论文标题
改善宽覆盖的医疗实体与语义类型预测和大规模数据集链接
Improving Broad-Coverage Medical Entity Linking with Semantic Type Prediction and Large-Scale Datasets
论文作者
论文摘要
医疗实体链接是识别和标准化非结构化文本中提到的医学概念的任务。大多数现有方法采用(1)检测提及的三步方法,(2)生成候选概念列表,最后(3)选择其中的最佳概念。在本文中,我们探讨了减轻候选人生成模块中候选概念过度概念的问题,这是医疗实体链接中最不明显的组成部分。为此,我们提出了Medtype,这是一个完全模块化的系统,该系统根据实体的预测语义类型来修剪无关的候选概念。我们将Medtype纳入五个现成的工具包中,以链接医疗实体,并证明它一致地改善了几个基准数据集的实体链接性能。为了解决有关医疗实体链接的注释培训数据的缺乏,我们介绍了Wikimed and PubMedds,两个大规模的医疗实体将数据集链接在一起,并证明在这些数据集中预训练MESTYPE进一步改善了实体链接性能。我们将源代码和数据集公开用于链接研究的医疗实体。

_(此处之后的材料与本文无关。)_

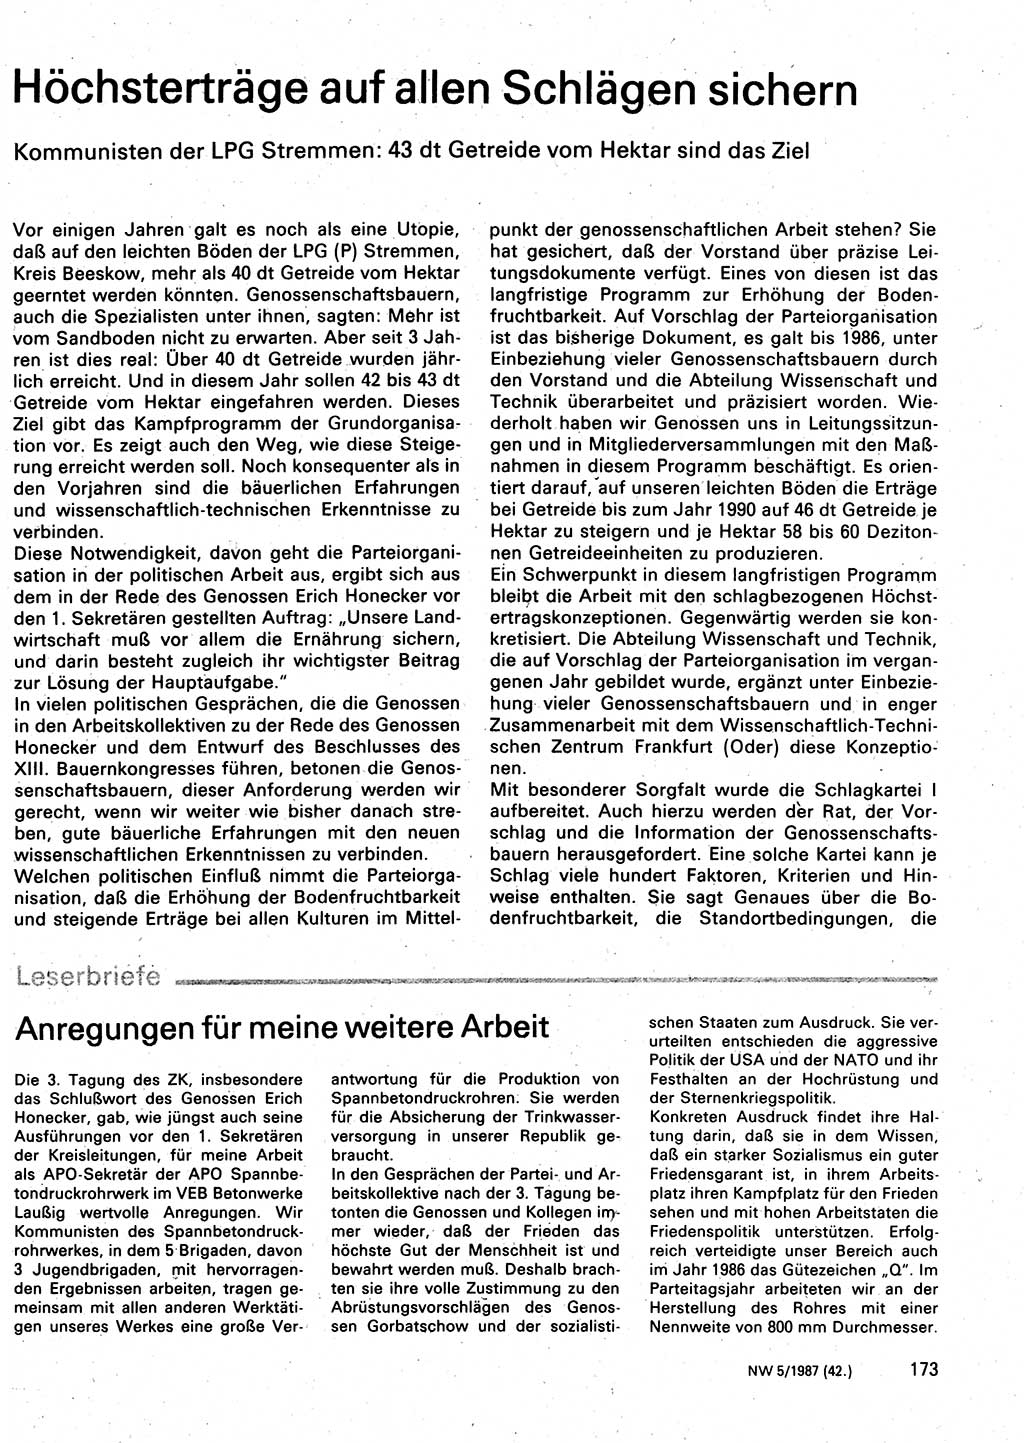 Neuer Weg (NW), Organ des Zentralkomitees (ZK) der SED (Sozialistische Einheitspartei Deutschlands) für Fragen des Parteilebens, 42. Jahrgang [Deutsche Demokratische Republik (DDR)] 1987, Seite 173 (NW ZK SED DDR 1987, S. 173)

Medical entity linking is the task of identifying and standardizing medical concepts referred to in an unstructured text. Most of the existing methods adopt a three-step approach of (1) detecting mentions, (2) generating a list of candidate concepts, and finally (3) picking the best concept among them. In this paper, we probe into alleviating the problem of overgeneration of candidate concepts in the candidate generation module, the most under-studied component of medical entity linking. For this, we present MedType, a fully modular system that prunes out irrelevant candidate concepts based on the predicted semantic type of an entity mention. We incorporate MedType into five off-the-shelf toolkits for medical entity linking and demonstrate that it consistently improves entity linking performance across several benchmark datasets. To address the dearth of annotated training data for medical entity linking, we present WikiMed and PubMedDS, two large-scale medical entity linking datasets, and demonstrate that pre-training MedType on these datasets further improves entity linking performance. We make our source code and datasets publicly available for medical entity linking research.